*Work instructions*. Repeat exactly the lines below from the line that contains "Ristorante sulla spiaggia" to the last line, inclusive, without the pictures.

══ Collected data

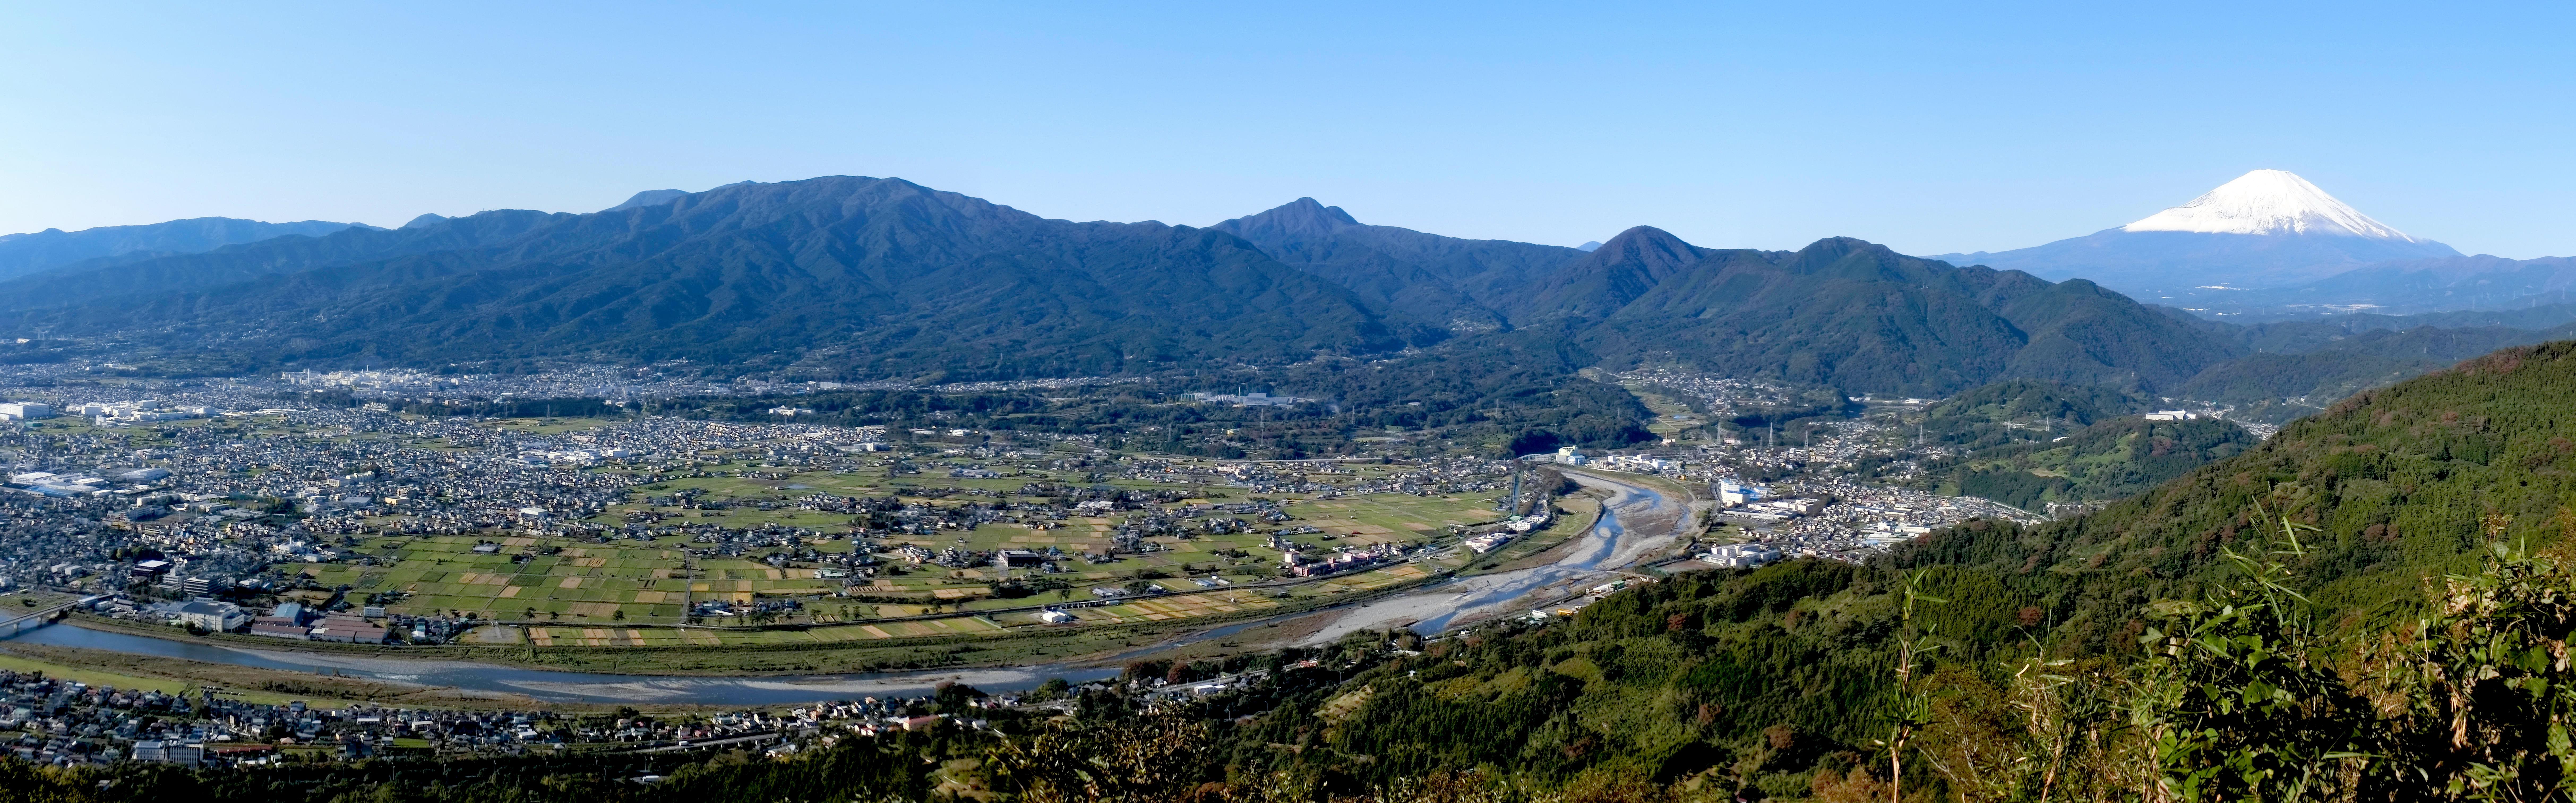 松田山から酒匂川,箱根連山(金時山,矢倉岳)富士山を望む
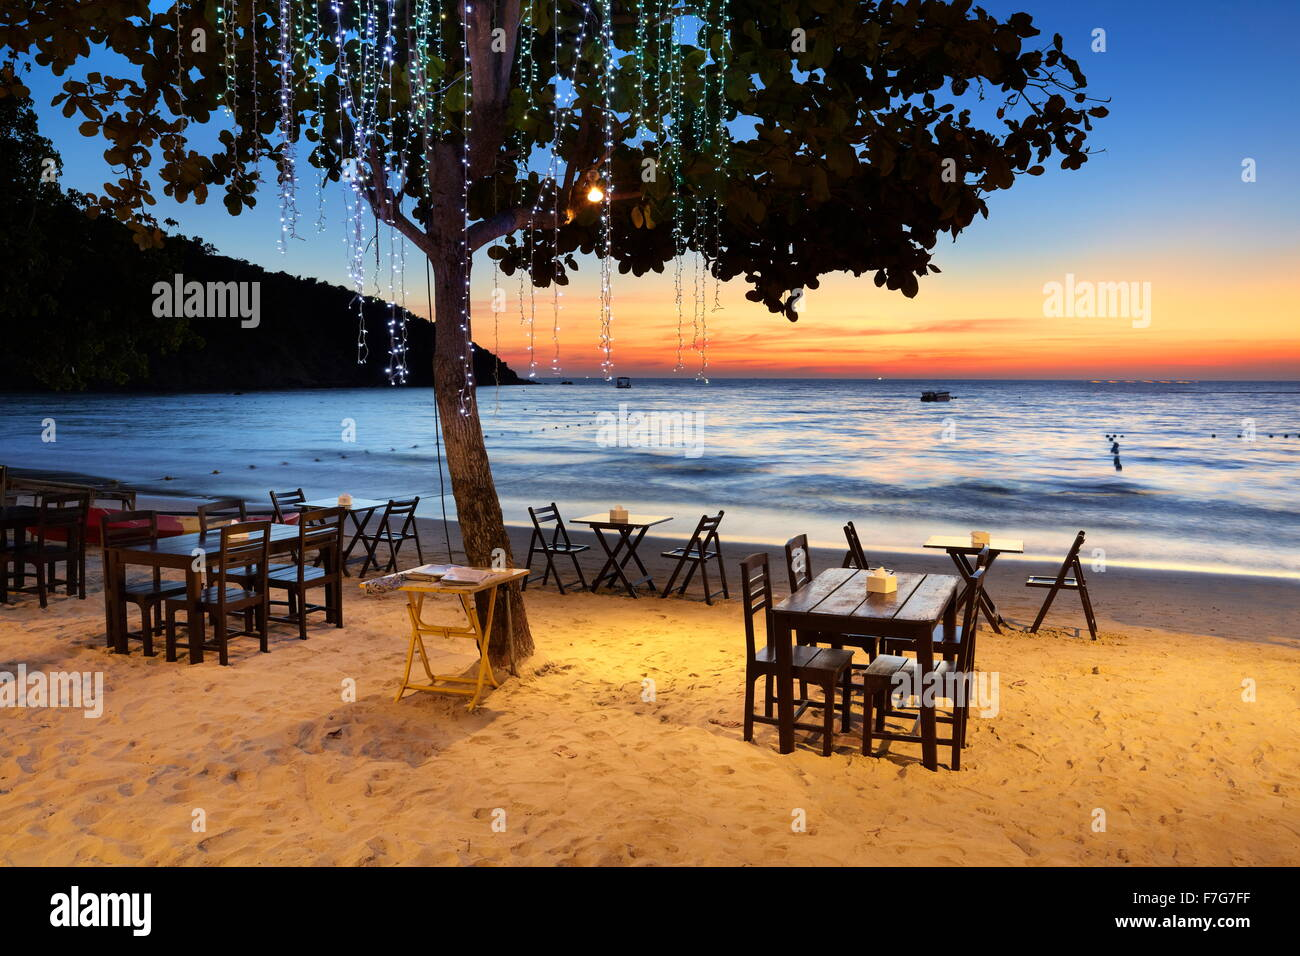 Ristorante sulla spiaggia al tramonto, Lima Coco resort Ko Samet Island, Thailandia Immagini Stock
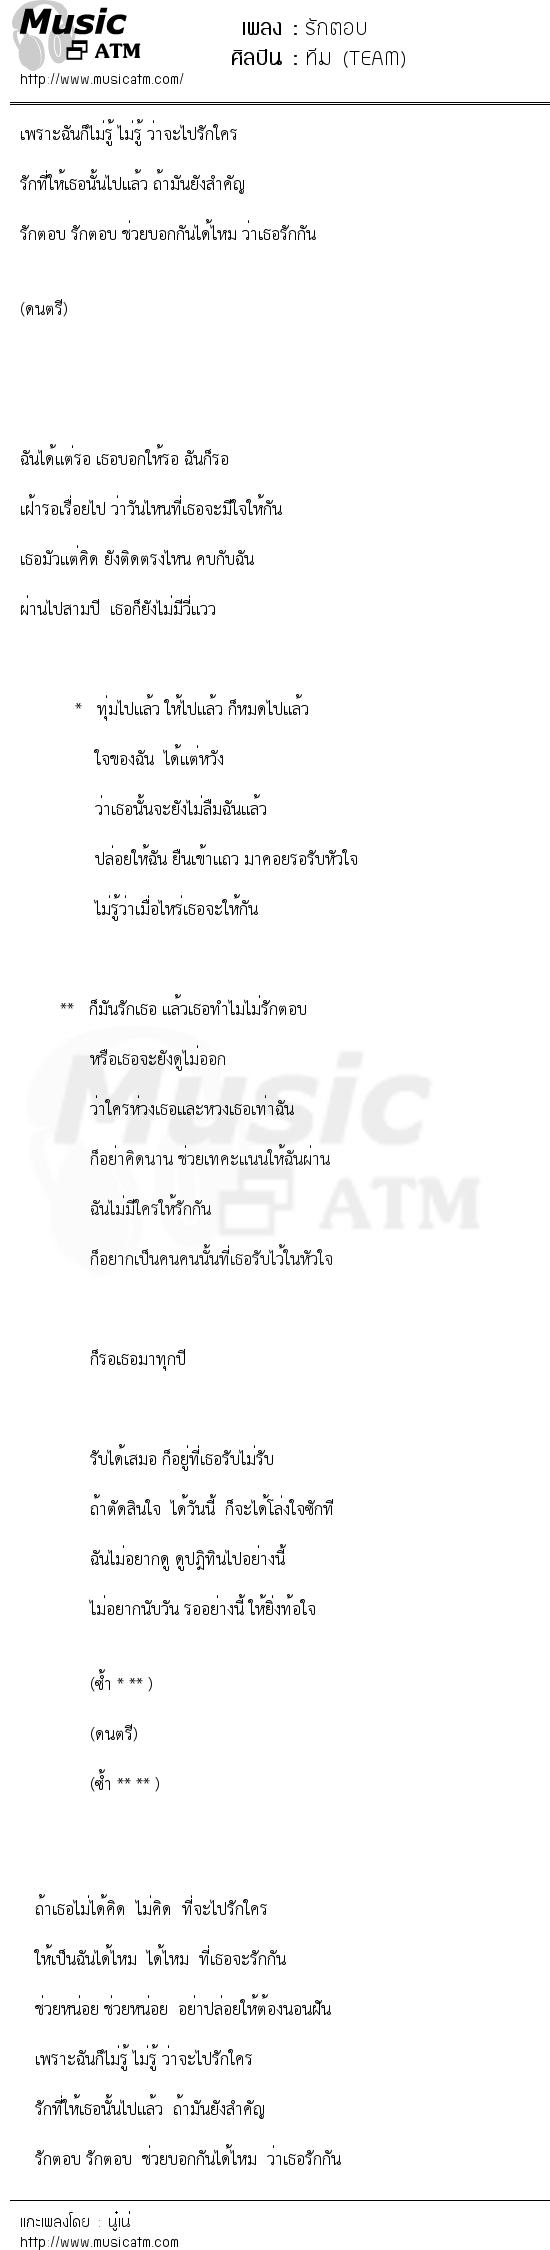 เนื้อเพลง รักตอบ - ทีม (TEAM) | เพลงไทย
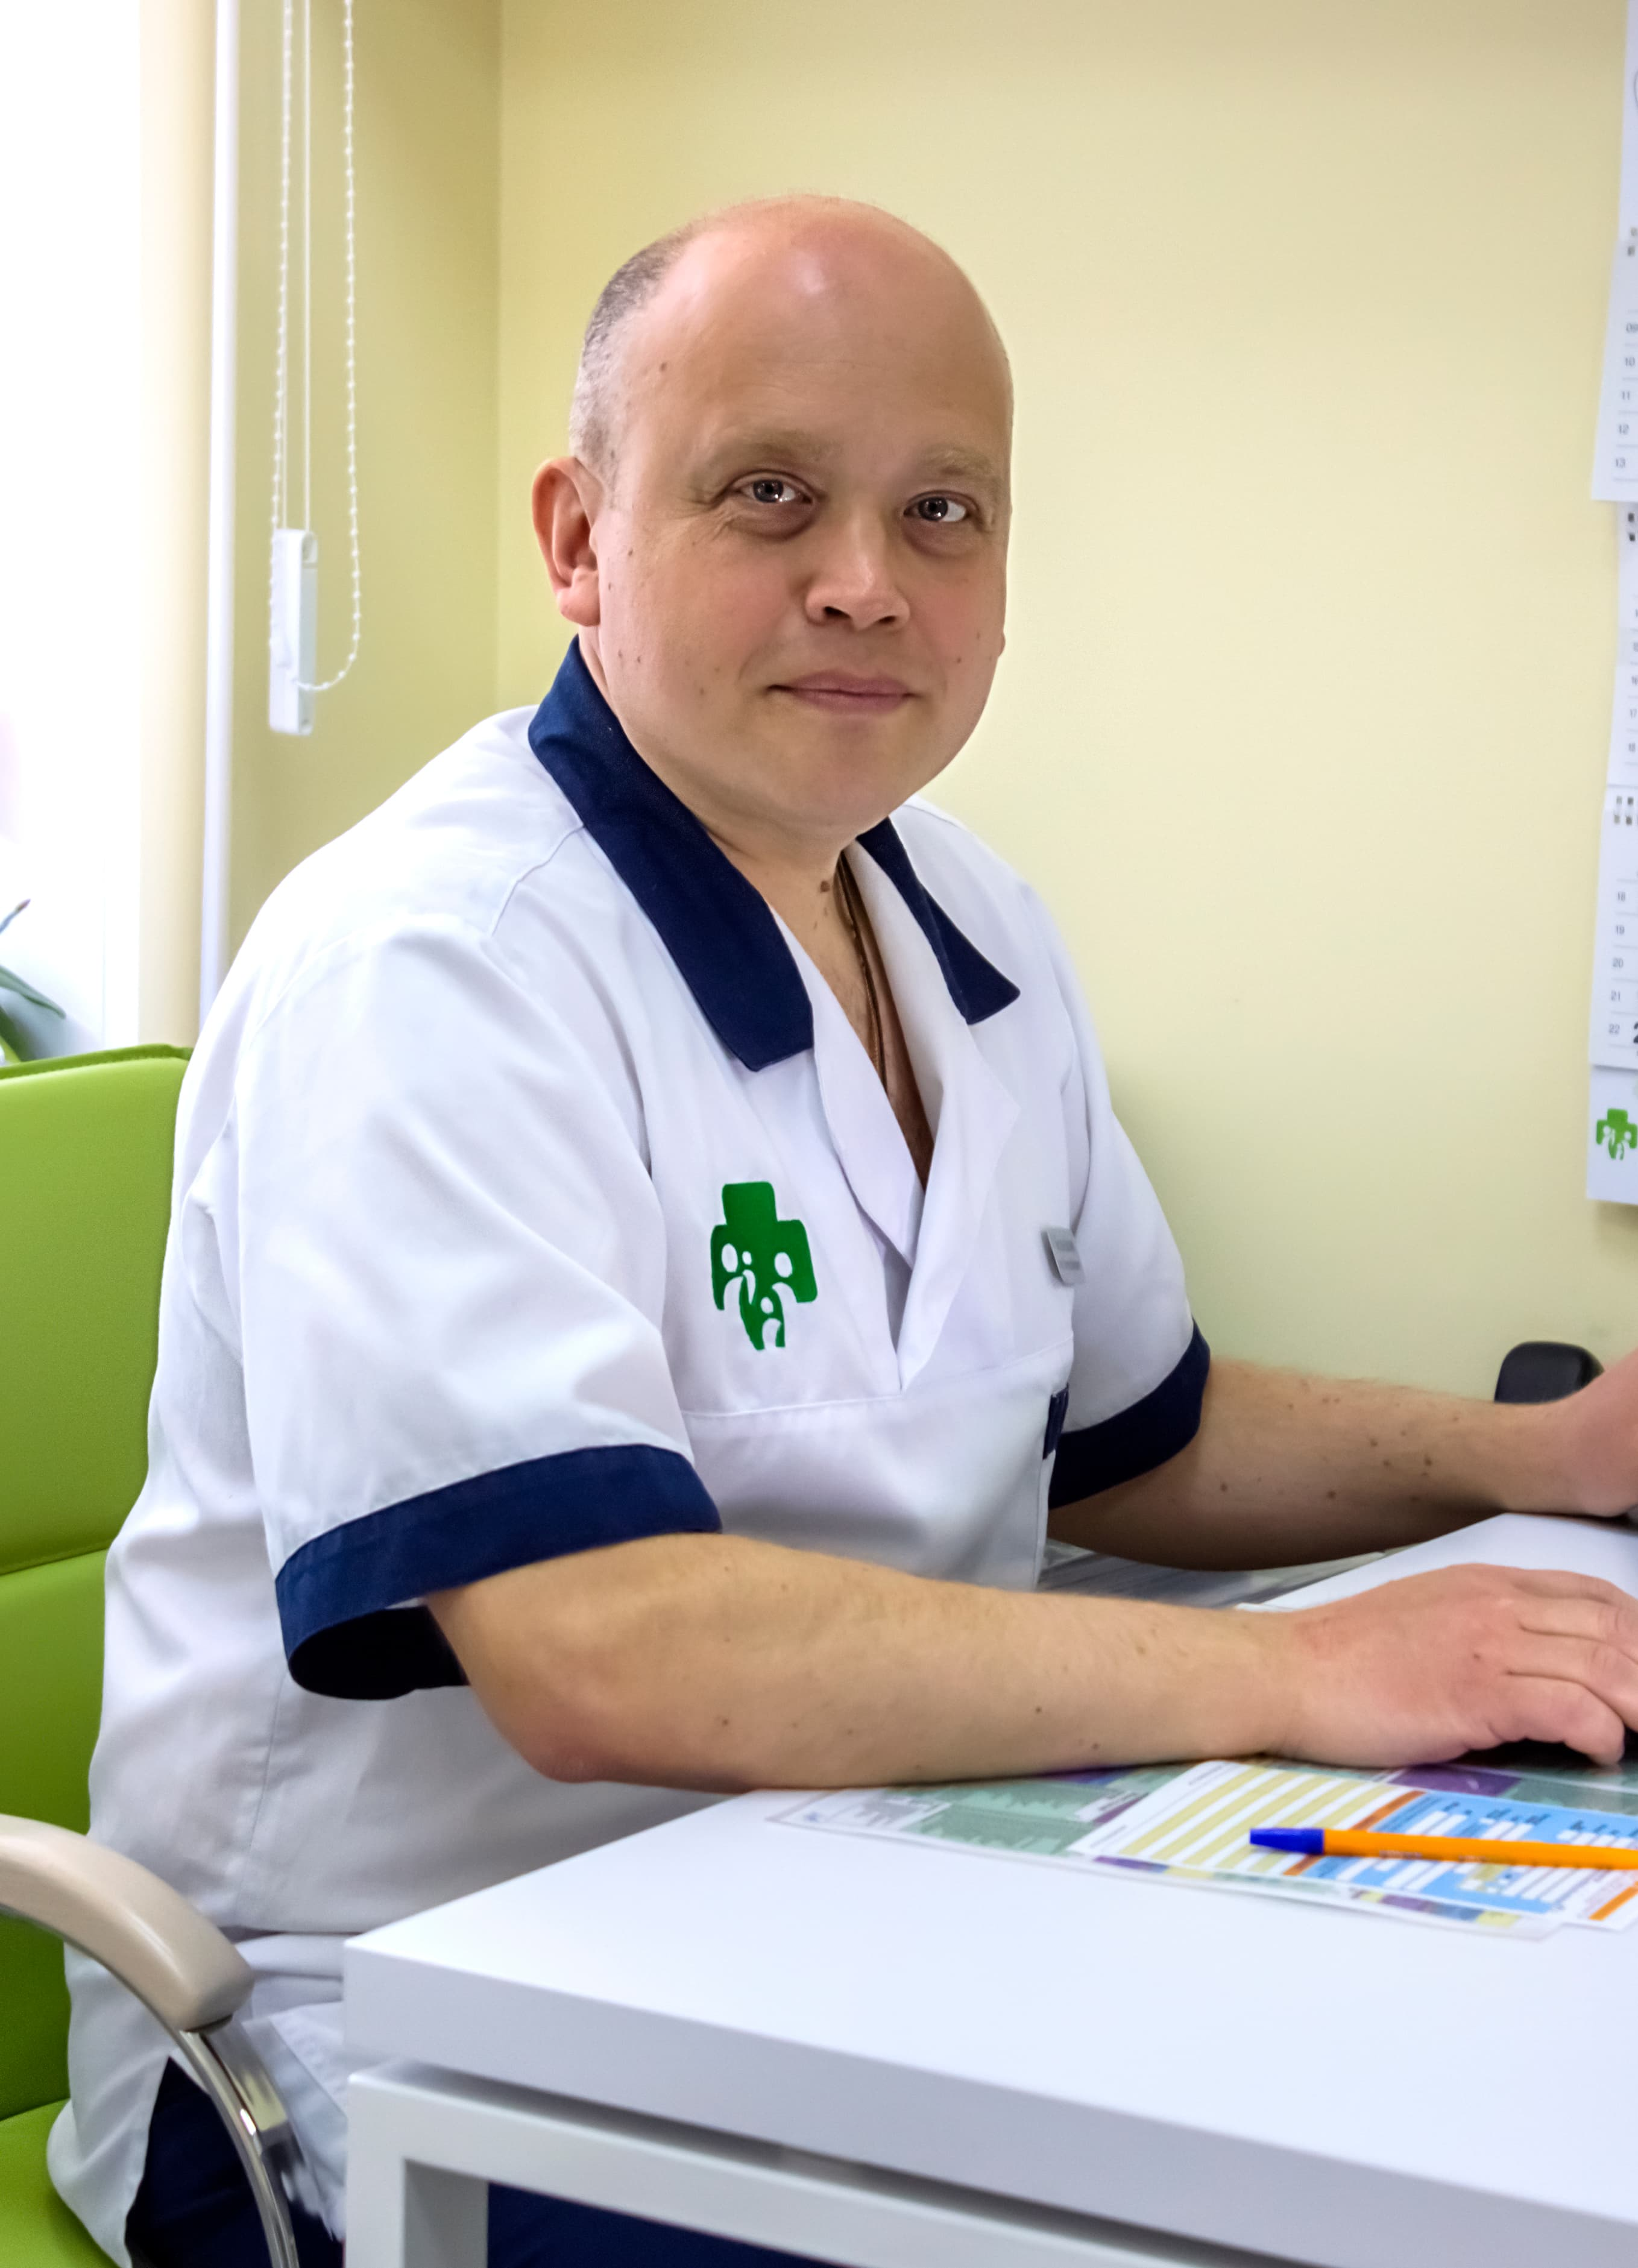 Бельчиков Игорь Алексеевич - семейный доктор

════

*Answer section*.
 Ristorante sulla spiaggia al tramonto, Lima Coco resort Ko Samet Island, Thailandia Immagini Stock
 เนื้อเพลง รักตอบ - ทีม (TEAM) | เพลงไทย
 Бельчиков Игорь Алексеевич - семейный доктор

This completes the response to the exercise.